Sarah Clancy, a well-known community worker based in Co. Clare, was among the Irish contingent sailing to Gaza with aid who were abducted in international waters last night by Israeli armed forces. She was sailing on board the Spectre along with Senator Chris Andrews and others, when attacked.
Sarah has given staunch service to communities across Ireland over many years.
Commenting on the attacks and abductions, Francesca Albanese, UN Special Rapporteur on Palestine, said “As I watch Israel’s illegal abduction of the only humans who have risked their lives to break Israel’s unlawful blockade, my thoughts are with the people of Gaza, trapped in Israel’s killing fields. Shame on Western governments first and foremost, and their complicit inaction.”
Sarah has been co-ordinator of the Clare Public Participation Network for almost a decade, with the organisation this week preparing for its tenth anniversary celebrations, as she is striving to oppose genocide in Palestine. She previously held roles with SpunOut, Amnesty International Ireland and the Galway One World Centre.
She has been documenting the flotilla’s journey on Facebook (https://www.facebook.com/sarah.clancy.520). Just before 7pm last night she provided an update on the situation when the flotilla of 41 boats was within 100 nautical miles of Gaza.
“Still okay here in our boat, but we definitely have military boats arrived at the front of the flotilla.”
Still hoping some of the boats might make it through, she said, “We want to break the illegal siege that has been on Gaza since 2007 and we want to deliver aid and solidarity to the people in Gaza. And we send them our love from all our boats, no matter what happens this evening,” she said in her last broadcast before Israeli forces cut communications.
Before travelling, Sarah wrote about the value of the flotilla in her local newspaper The Clare Champion.
“Our intention is to… open up a humanitarian corridor through which the Palestinian people in Gaza will be able to access and arrange for goods to be delivered through their own territorial waters, as would be their right except for the illegal blockade which Israel and its allies have subjected them to since 2007,” she wrote.
“Even before the current UN declared entirely deliberate famine and the relentless two year long genocidal assault on the people of Gaza, this blockade was illegal and immoral.
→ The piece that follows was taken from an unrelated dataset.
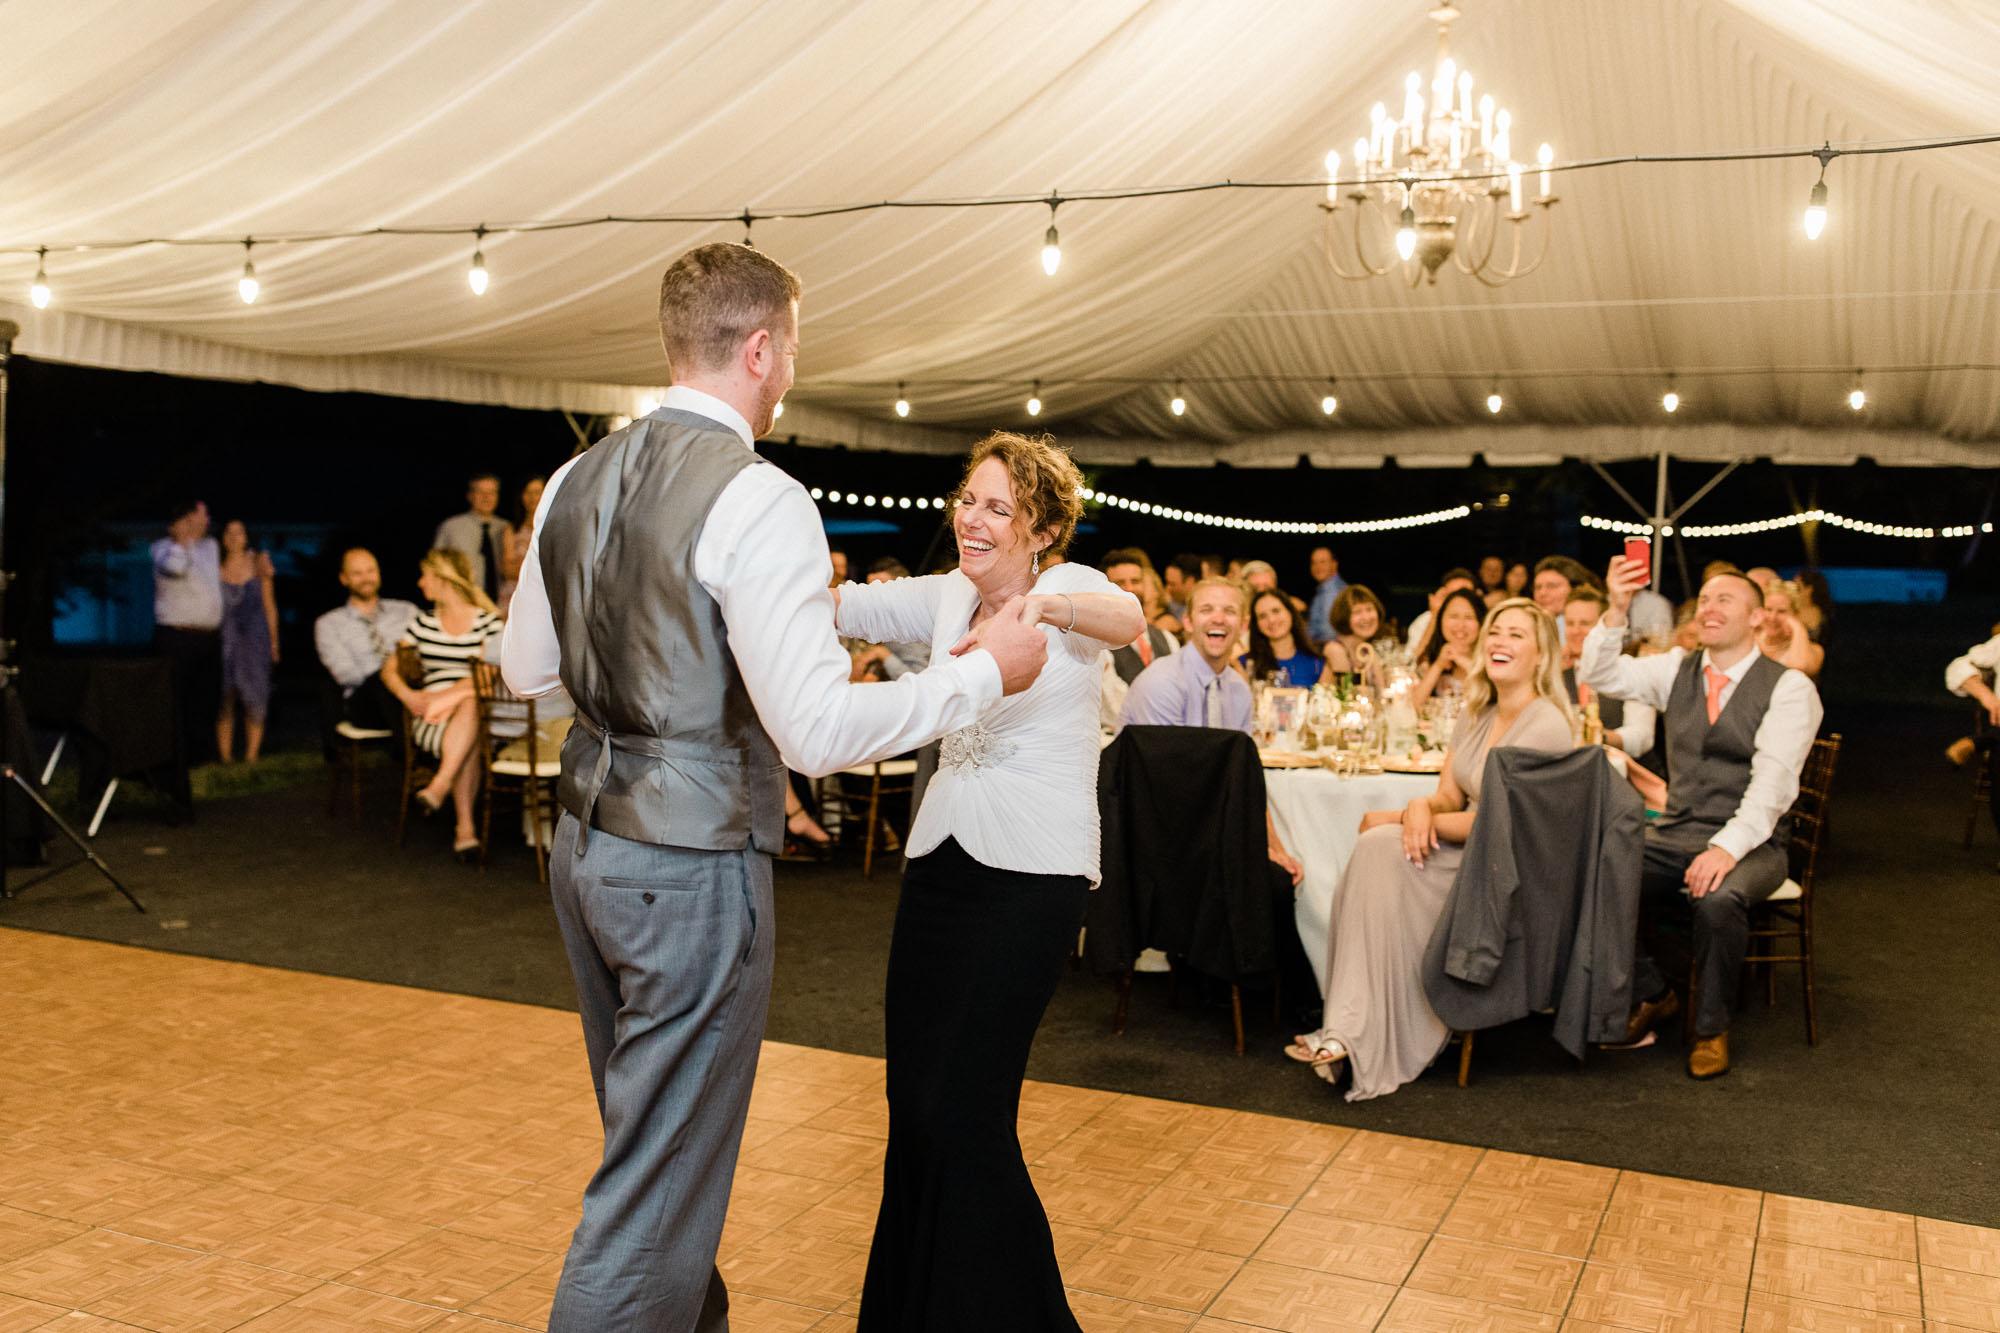 Allenberry-resort-historic-pennsylvania-wedding-10700.jpg
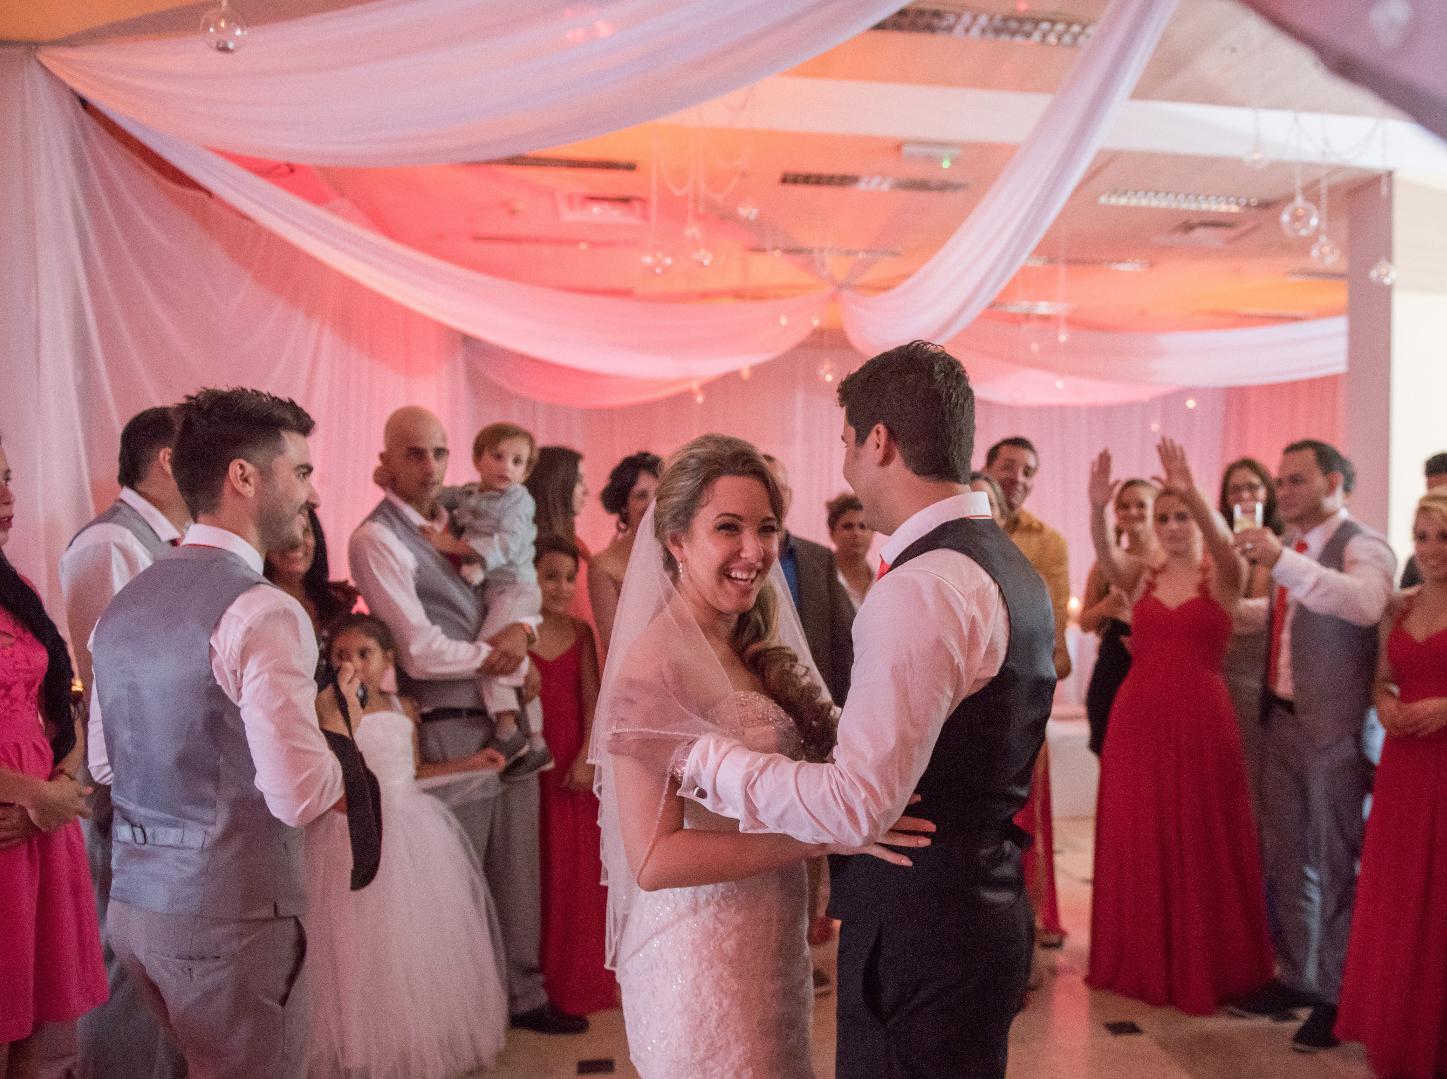 bodas-sin-clasificar-sin-tema-cuba-29542.jpg

However it has been tolerated nonetheless by all western governments, and actually most governments from around the world, and despite all we have seen in this last two years it is still in place.”
She said she had been shocked at the condition that some children coming to Ireland from Palestine were in, years before the genocide even started.
“I remember a few short years ago in Kinvara, seeing the effects of this blockade on the bodies of the twelve year old soccer players who were invited from Gaza to come on a tour of Ireland by super activists from around Ireland who were trying to create an opportunity for these children to experience a carefree few weeks even once in their childhoods.
“These charming and spirited boys from Gaza in their dazzling pink kit outplayed the Kinvara kids hands down, but honestly, to everyone who saw them, they looked about the average size and weight of much younger children, maybe 9 or 10 years old.
“Even then global power politics was playing out on the small and utterly blameless bodies of children.”
She said she was delighted to be travelling on the flotilla. “During one of the most horrifically evil periods of contemporary history, life has thrown me a chance to see a glimpse of another possible world. I couldn’t be more grateful for this chance.”

Sarah is originally from Galway and last month she told the Connacht Tribune about attacks on the flotilla by drones when berthed in Tunisia.“The entire flotilla could have blown up causing severe injury and death. The heat was so intense it burned through life jackets, which are fire retardant. These are clear attempts to sabotage us.”
She said that the experience was more worrying for her partner Anne Mulhall than for herself: “She is anxious. It is harder to be at home watching this unfold. She would love to be here also, but couldn’t get the time off work, and it was decided that I would go. She wants just as much to be here, but is back home minding our dog.”